Tuesday, September 11, 2018

Is 5G an Existential Threat to Fixed Network ISPs?

Even if you do not completely agree with the claim that “5G technologies are expected to put mobile broadband on par with fiber networks,” most might agree that the gap between mobile and cabled access networks is about to close dramatically. Nobody yet knows how much share shift (mobile substitution) could happen. But the threat is substantial, at a local level.


“We see 5G fixed wireless broadband as the biggest existential threat to broadband providers (by far),” say equity analysts at Cowen. Mobile 5G might be a bigger threat, but consider only fixed wireless.


Consider what Verizon might achieve, as it is the U.S. tier-one service provider most committed to 5G fixed wireless. Verizon assumes it might eventually reach 30 million to 35 million homes (homes passed) in 17 or so potential markets.


Assume that total fixed network internet access take rate in those markets is 85 percent. That implies perhaps 25.5 million to 29.8 million customer accounts in the total market.


Assume the cable competitor in those markets has 55 percent share, while the telco has 44 percent share. That implies cable operators have perhaps 14 million to 16.4 million accounts.

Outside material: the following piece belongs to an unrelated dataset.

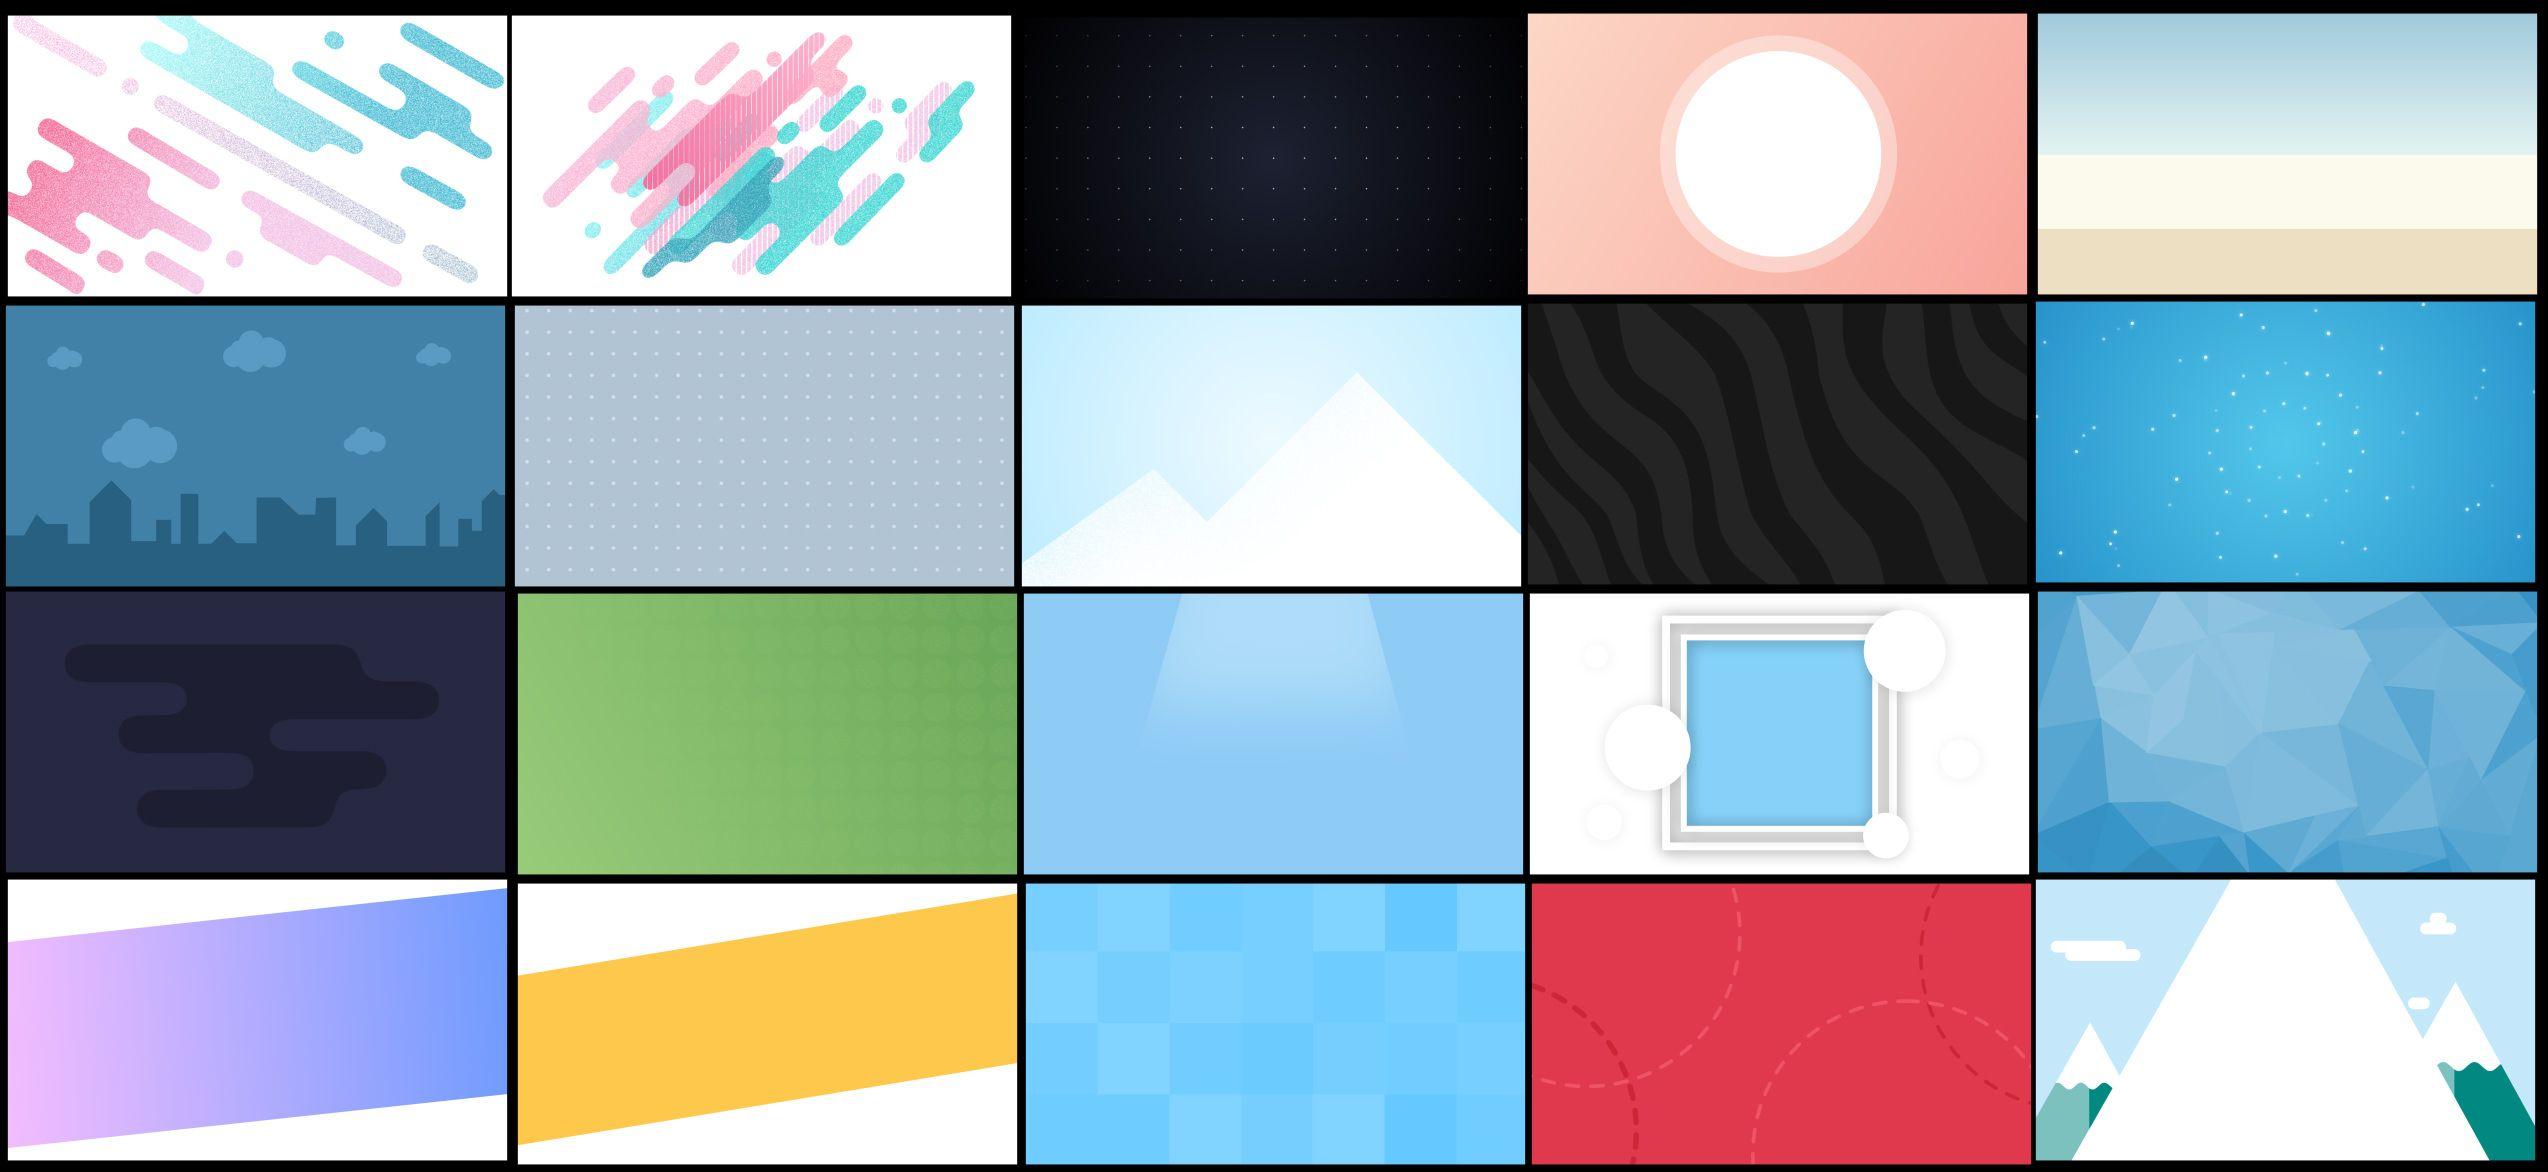 AE模板+PR预设+带通道视频素材-1000+手绘卡通流体转场Logo文字标题MG动画V2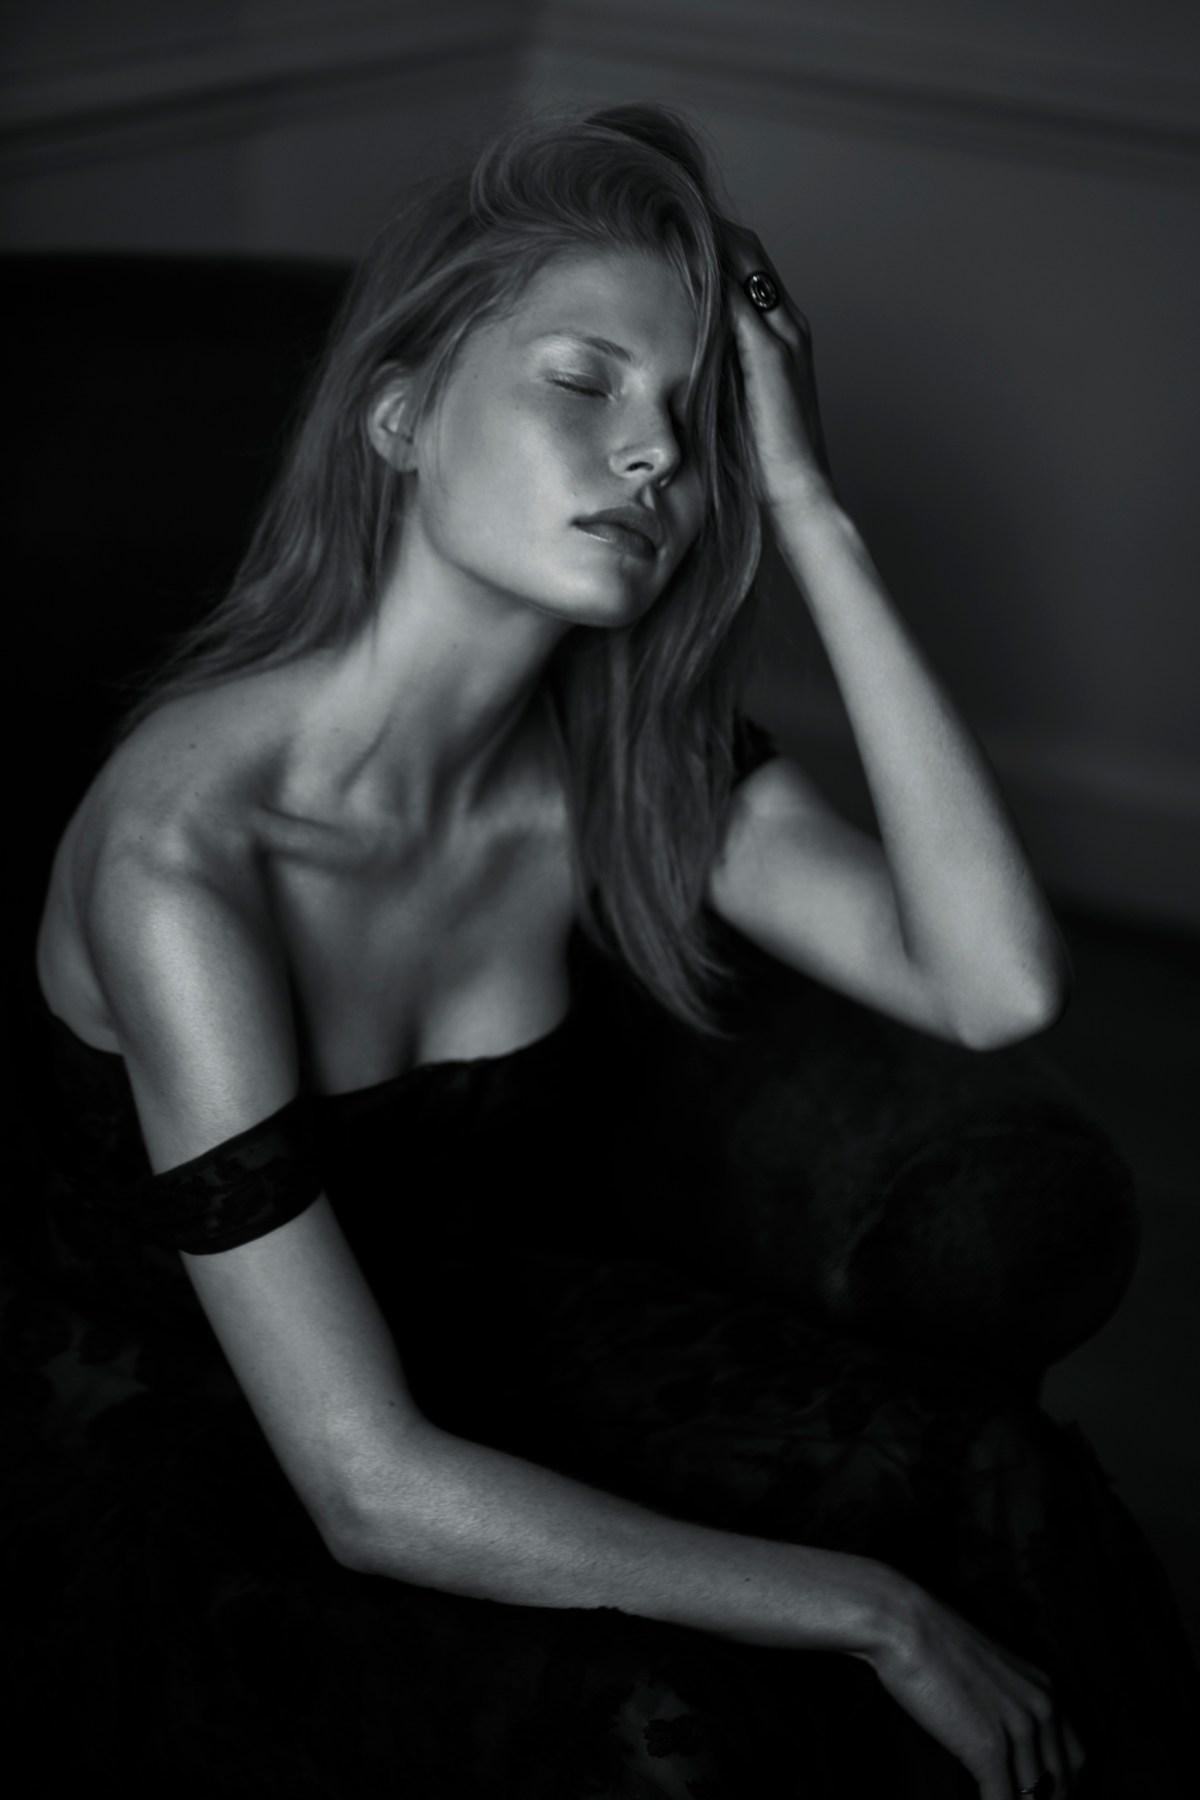 Sofie Theobald by Chloe Mallett for Make Magazine

Other telcos (mostly AT&T and CenturyLink) might then have 11.2 million to 13.1 million accounts.


Assuming a 25 percent Verizon take rate when it enters those new markets, Verizon could eventually expect to gain 6.4  million to 7.5 million accounts.


To be sure, on a national level, those losses, while unwelcome, represent a share shift in low single digits for any affected incumbent supplier. On a national base of at least 97 million accounts, that amount of share shift represents about seven percent to nine percent of the base.


The impact really is on local market business cases. If the incumbent losses come in proportion to existing share, then the local cable company could lose 14 percent share, while the telco loses 11 percent share.


In other words, cable might lose two million to 2.3 million accounts in those markets, while telcos lose 1.2 million to 1.4 million accounts. That drops cable share to perhaps 41 percent, and telco share to perhaps 33 percent share.


At a high level, neither of those new share levels is unsustainable, the general logic being that a minimum of 20 percent ISP share is sustainable. But the lower share makes the overall business case for cable and telco suppliers that much tougher, reducing gross revenue, profit margins and possibly average revenue per account.


That is hugely important, as it could dramatically alter the business case for fiber-to-home or other access networks, reducing the number of instances where such a network is sustainable.

No comments:

Will AI Actually Boost Productivity and Consumer Demand? Maybe Not

A recent report by PwC suggests artificial intelligence will generate $15.7 trillion in economic impact to 2030. Most of us, reading, seein...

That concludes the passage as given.